Thursday, May 05, 2011

Disagreeable greens and drones

Here I am sitting on this odd little elevated window seat in a minuscule motel room in Jackson, Tennessee, a motel room that offers exactly what the website advertised (cheap rates and close proximity to the interstate) plus an unexpected extra-special bonus: a decorating scheme involving four shades of green loudly competing for Ugliest Color on the Planet, the sorts of green you generally don't expect to see outside a baby's diaper or a moldy rotting milk product. This room isn't big enough for that many clashing colors. My eyes object to this constant Assault by a Deadly Color. They demand a rest.

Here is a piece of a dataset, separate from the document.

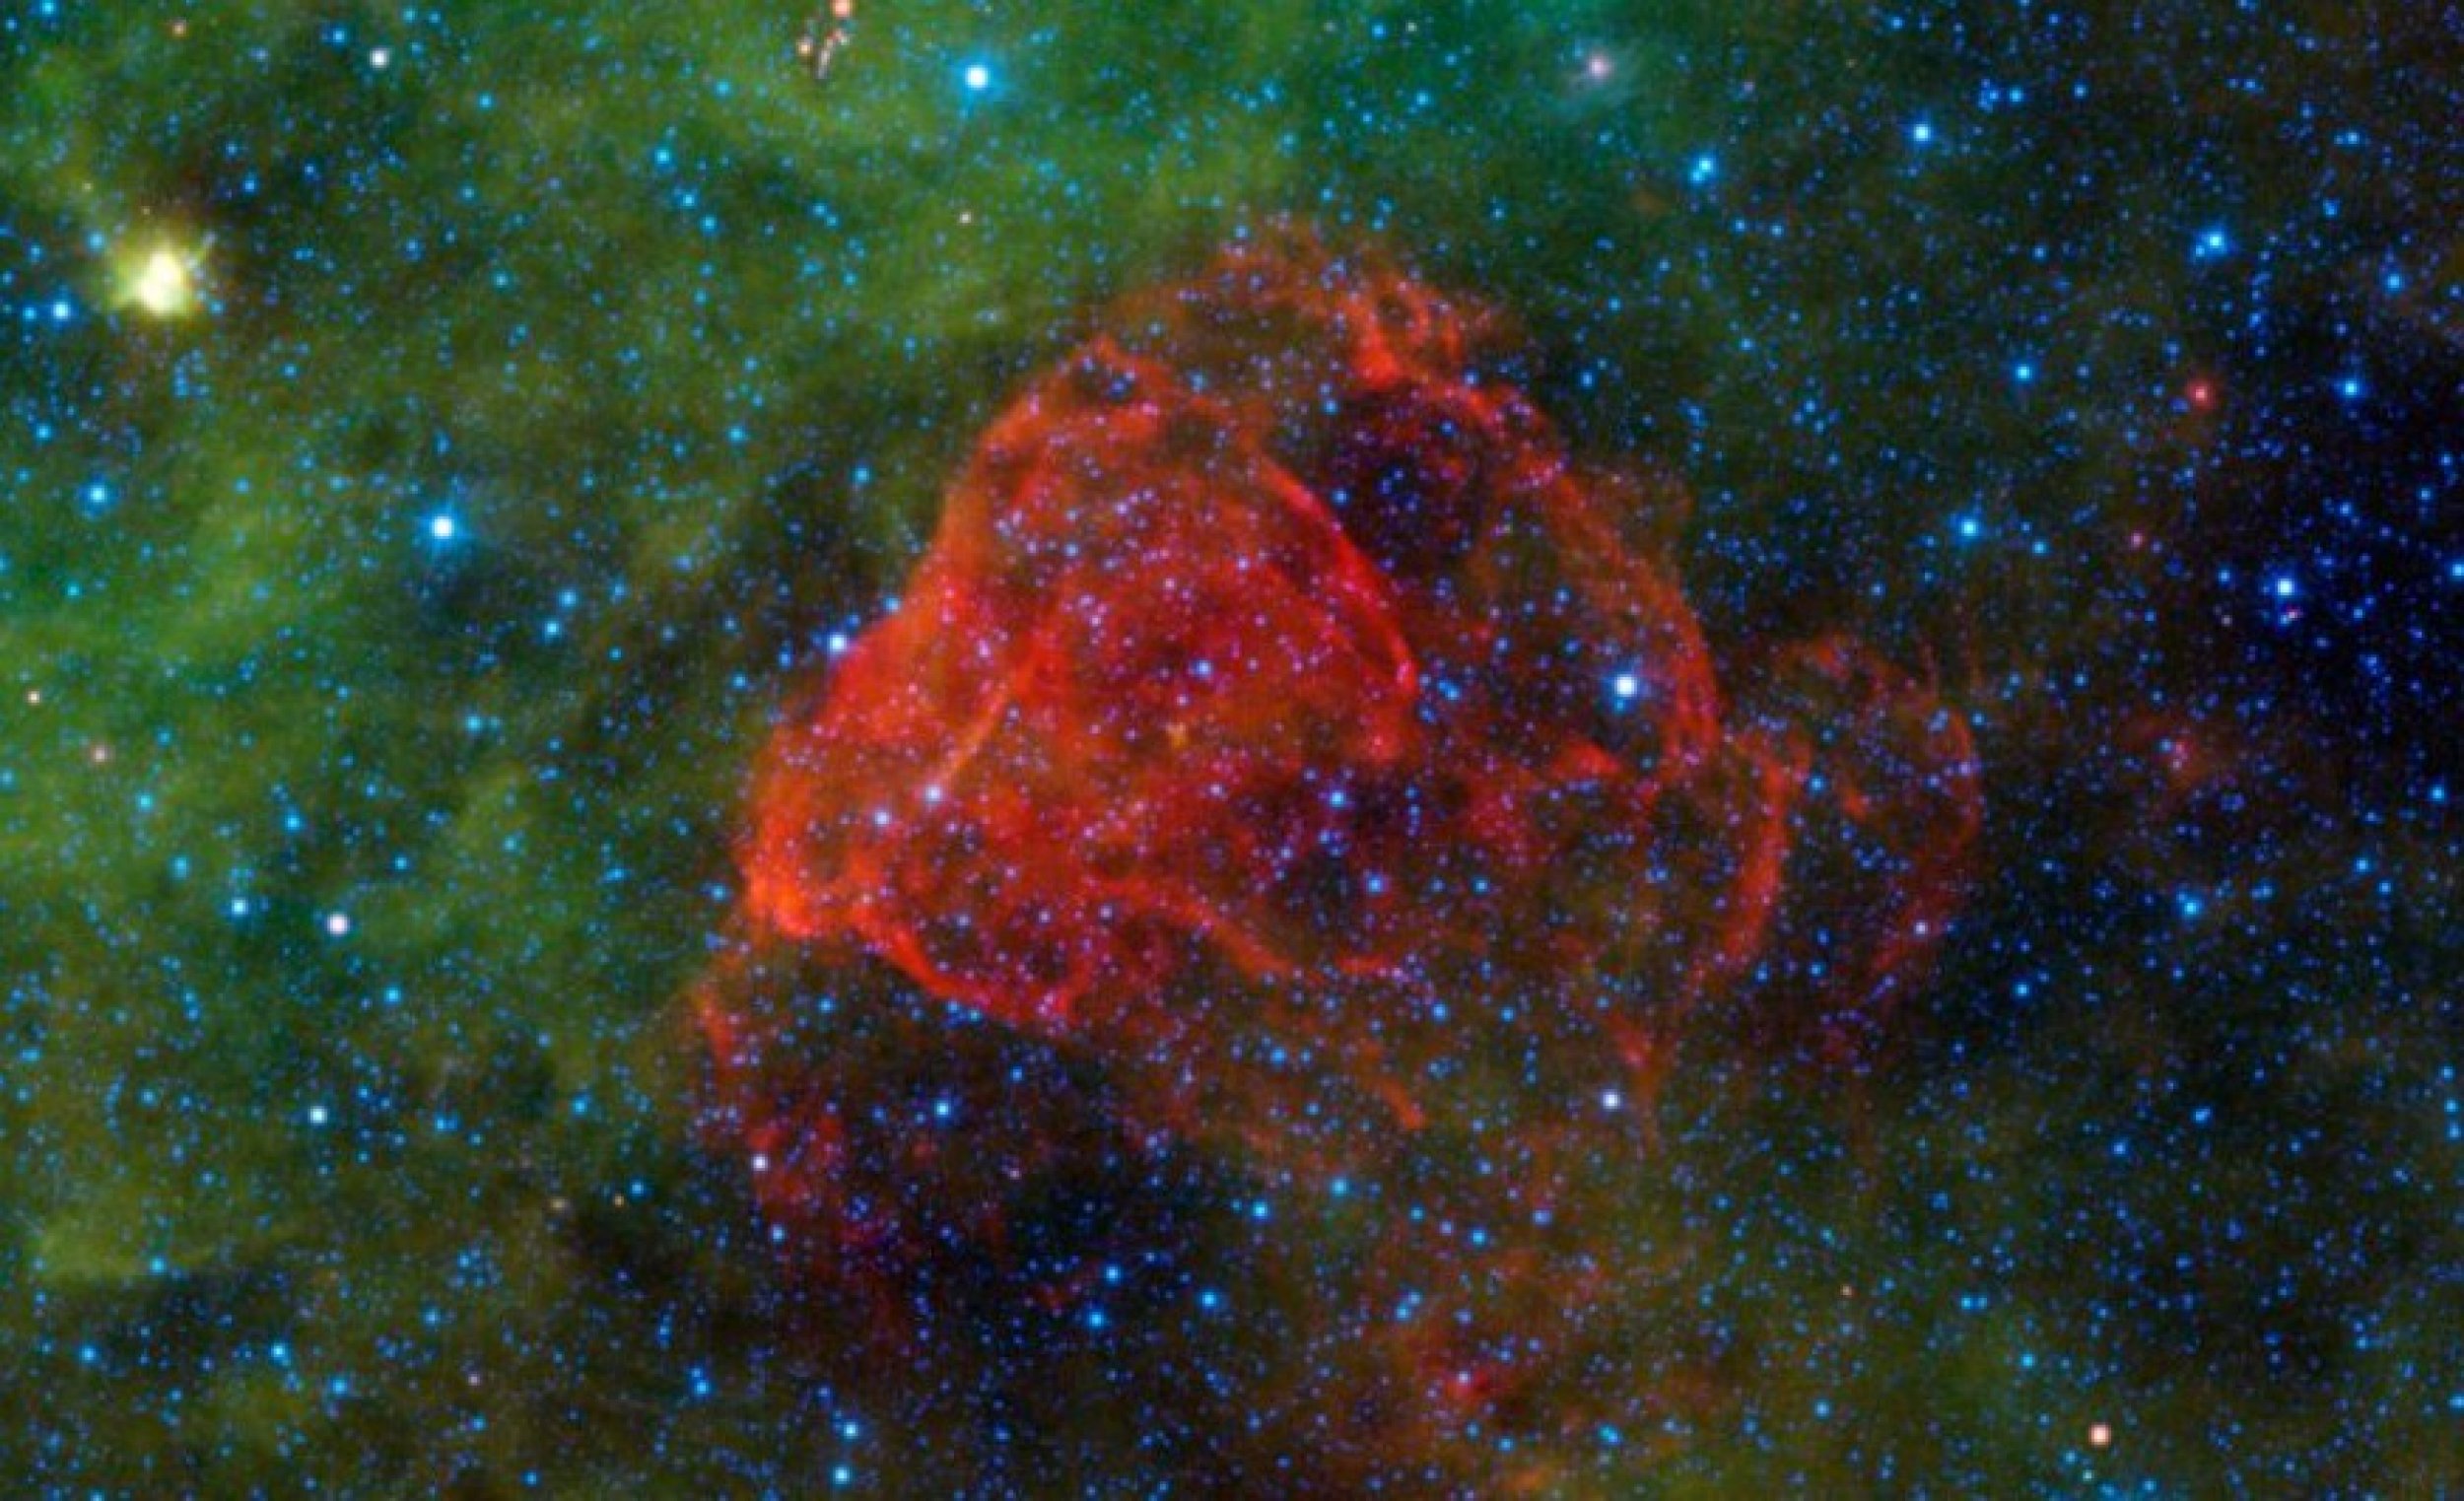 NASA has unveiled an image of a supernova remantSNR called 039Puppis A039 which contains rosy dust and gas.

And that's exactly what they're going to get. We had planned to sleep late and leave for Texas at a civilized hour, but the phone rang at 5 a.m. and we were awake so why not hit the road? The temperature on our back deck this morning was 30 degrees and we drove through dense fog all through West Virginia, but by the time we hit Kentucky the sun was shining and the sky was clear. From my perch on this window seat on the third floor of the Motel of Misbegotten Remodeling, I can see blue sky as far as the eye can see, with not a hint of cloud in the sky.

I can also see the interstate. The website mentioned that this motel was close to the interstate, but it didn't specify how close: close enough to allow us to spit across all four lanes, close enough for truckers to say "excuse me" as they take the short cut through our closet, close enough for us to see the whites in the eyes of roadkill armadillos. On the Annoying Noise Continuum, the droning of trucks roaring down the interstate approaches Dental Drill level, and it may even be more annoying than the loud obnoxious shades of green. I can make the colors go away just by closing my eyes.

I can't close my eyes, however, to the flooding that has put part of I-40 under water in Arkansas, a state we need to cross tomorrow to get to Texas. Time to find an alternate route. Truckers always know the best routes, right? I'll just lean out the window and hail a passing semi.